• GIVEN DATA
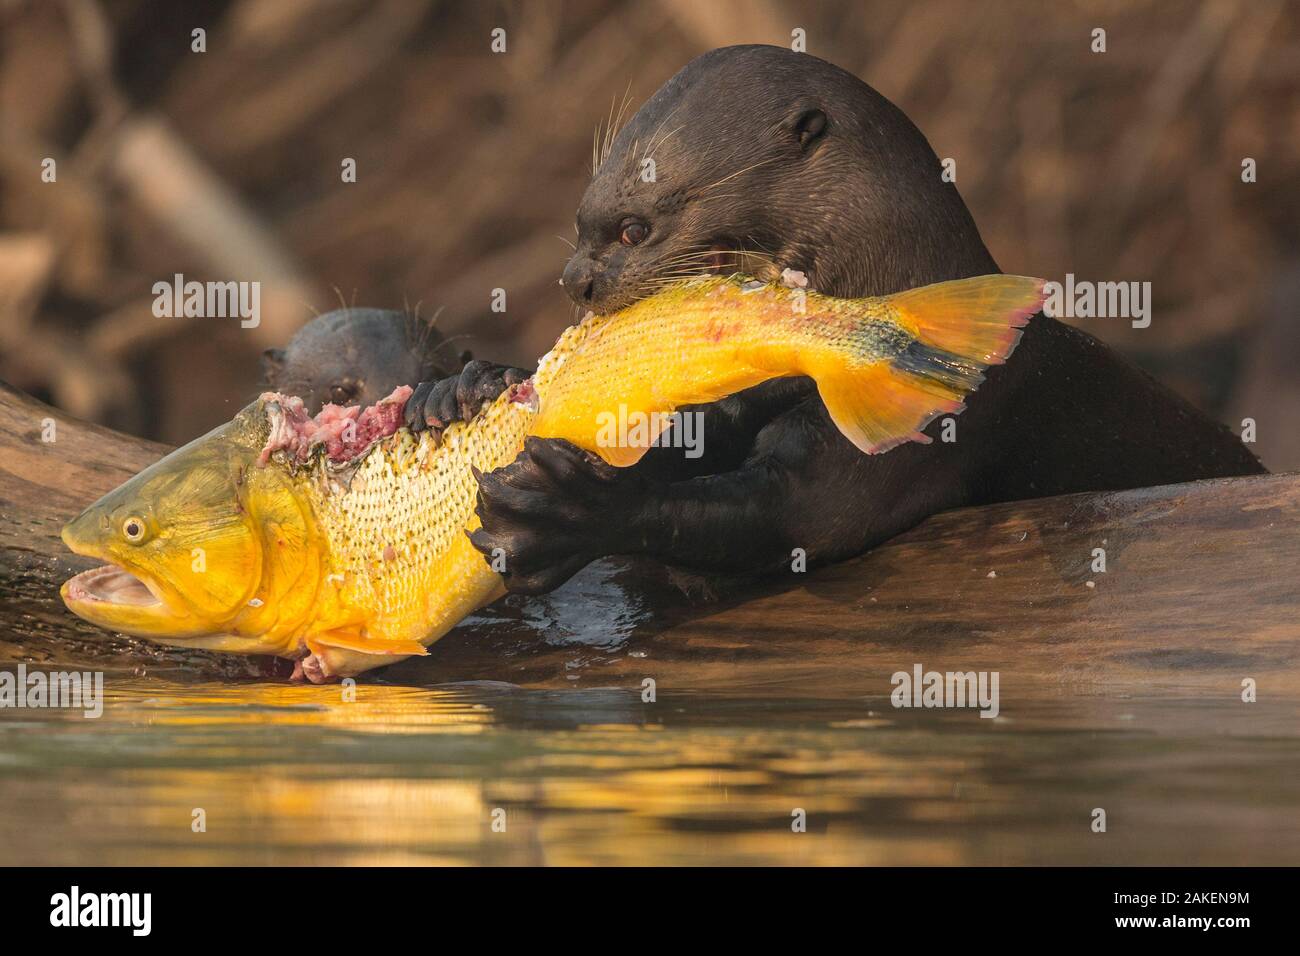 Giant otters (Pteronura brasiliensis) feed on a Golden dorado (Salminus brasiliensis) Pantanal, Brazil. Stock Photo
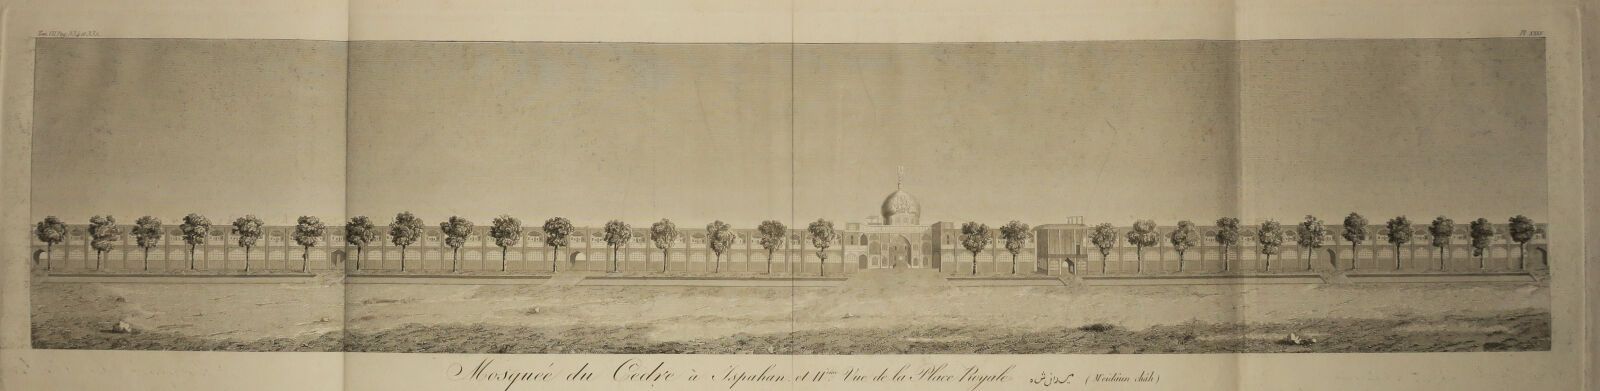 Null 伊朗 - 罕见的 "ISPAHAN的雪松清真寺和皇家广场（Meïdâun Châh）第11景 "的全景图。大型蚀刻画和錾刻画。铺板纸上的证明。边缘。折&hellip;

---

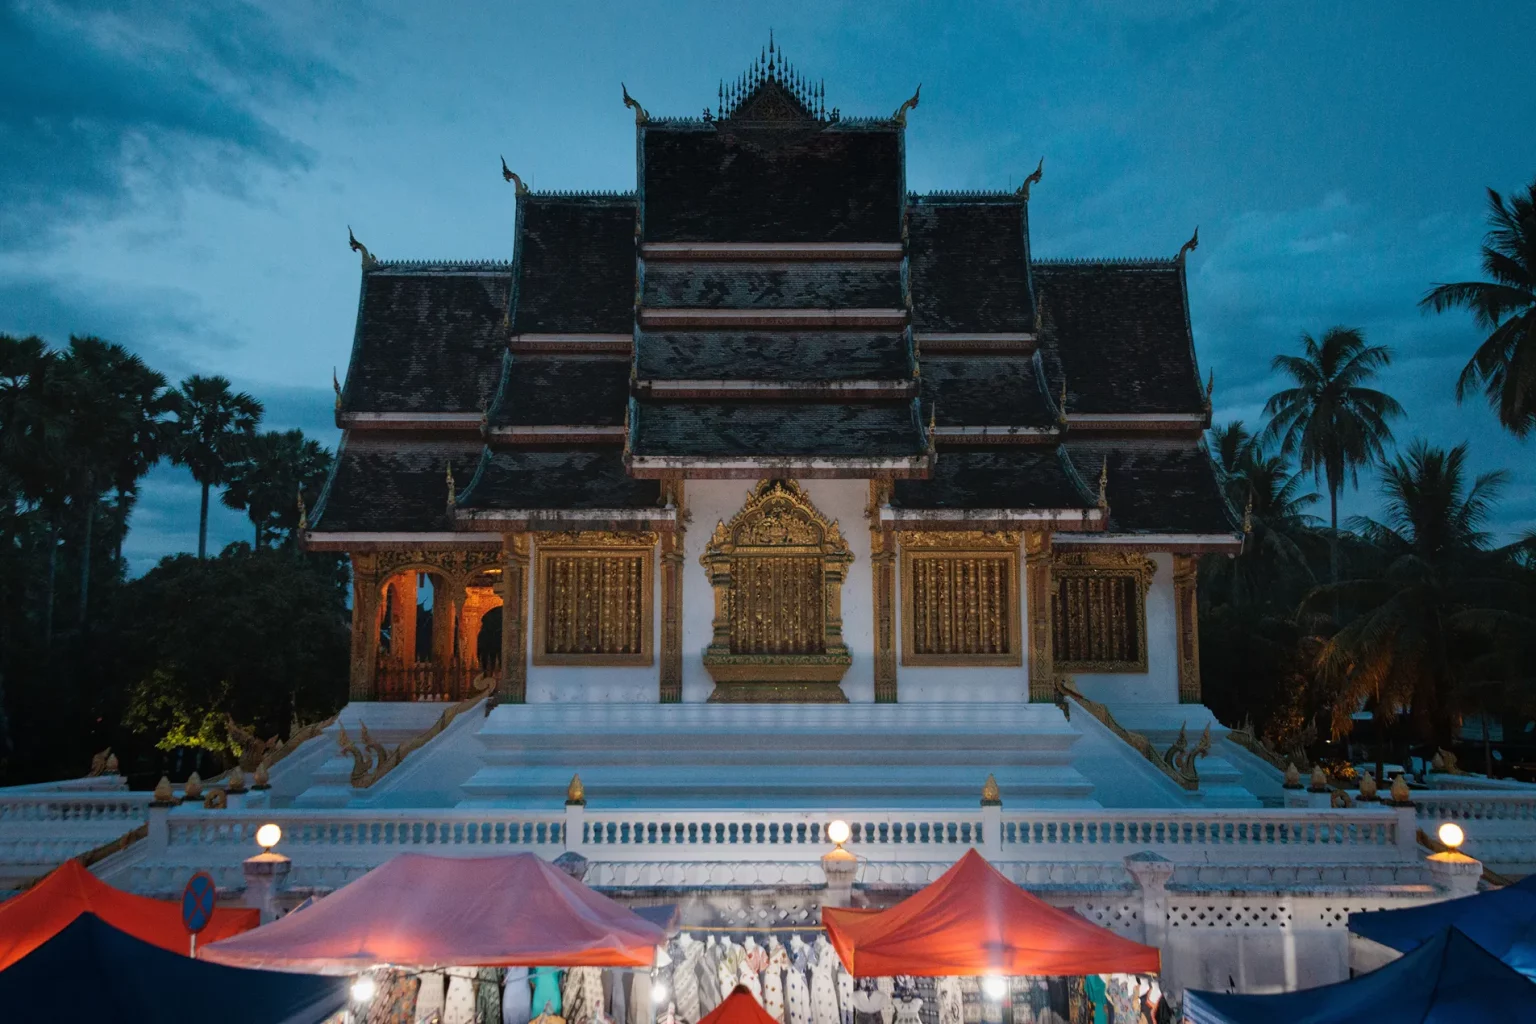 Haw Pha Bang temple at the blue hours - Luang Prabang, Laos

...

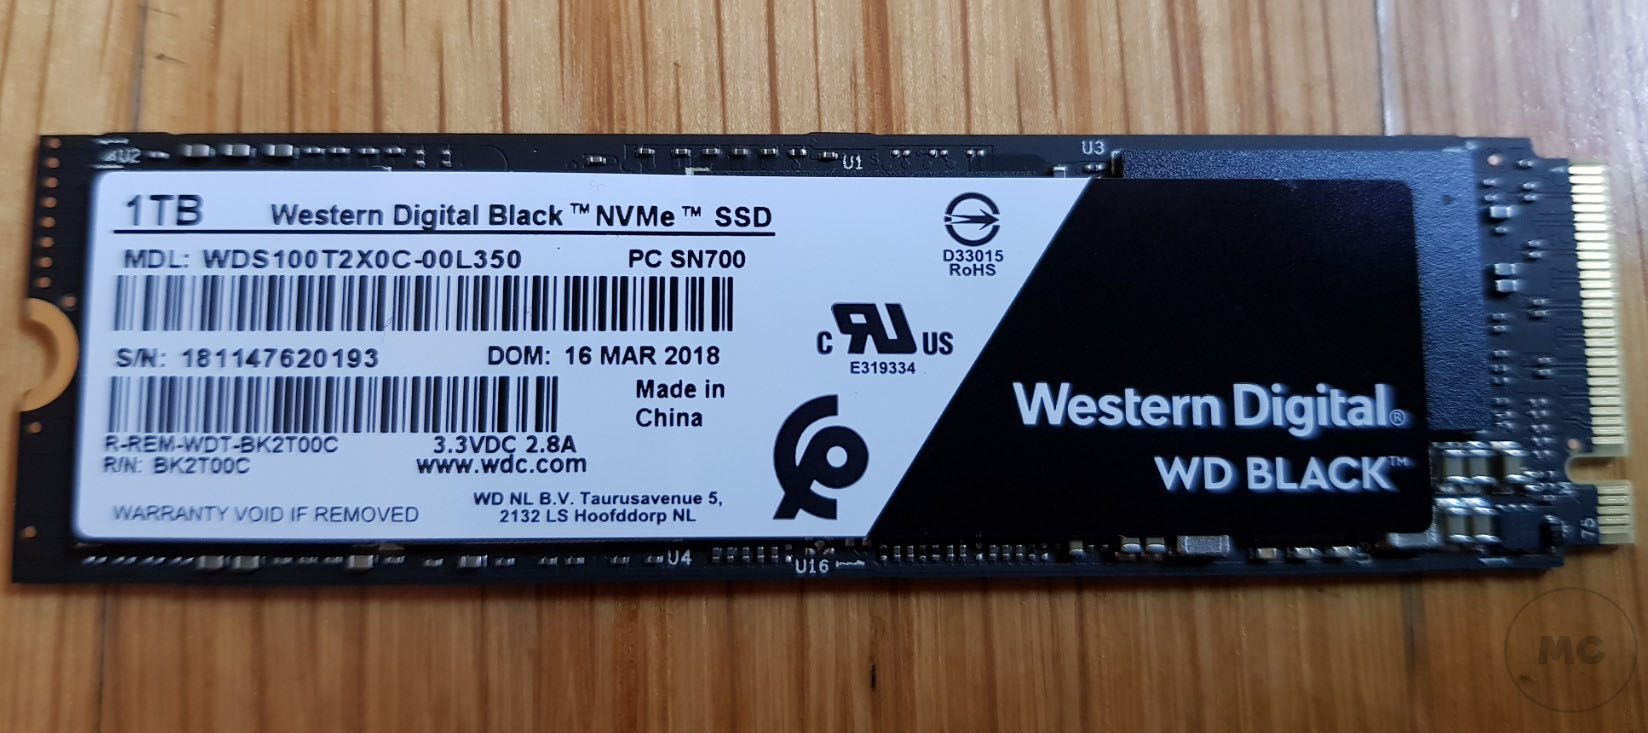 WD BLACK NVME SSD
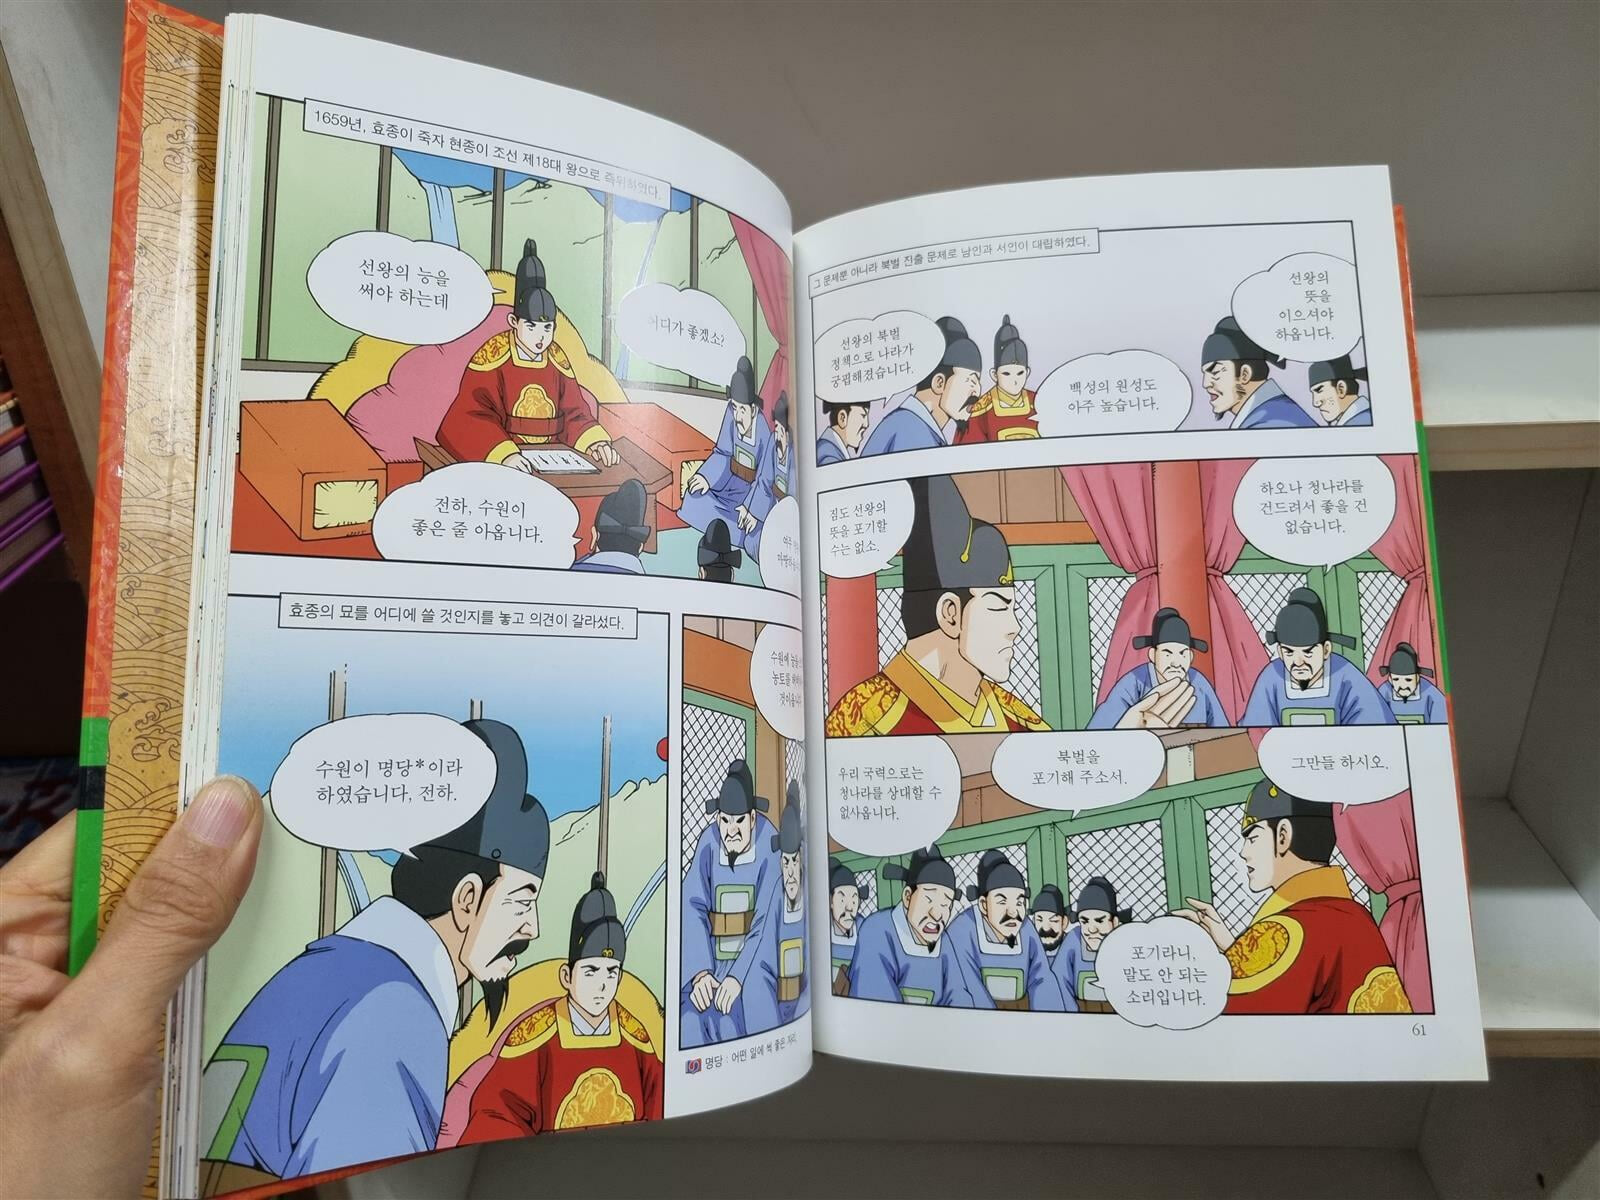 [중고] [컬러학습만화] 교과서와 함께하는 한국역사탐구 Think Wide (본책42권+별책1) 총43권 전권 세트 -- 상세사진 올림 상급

• AIM OF THE TASK
Write out exactly the run of lines above that starts at the line containing "WD BLACK NVME SSD" and ends at the line containing "[중고] [컬러학습만화] 교과서와". Include both, and leave the pictures out.

• ANSWER TO THE EXERCISE
 WD BLACK NVME SSD
 [중고] [컬러학습만화] 교과서와 함께하는 한국역사탐구 Think Wide (본책42권+별책1) 총43권 전권 세트 -- 상세사진 올림 상급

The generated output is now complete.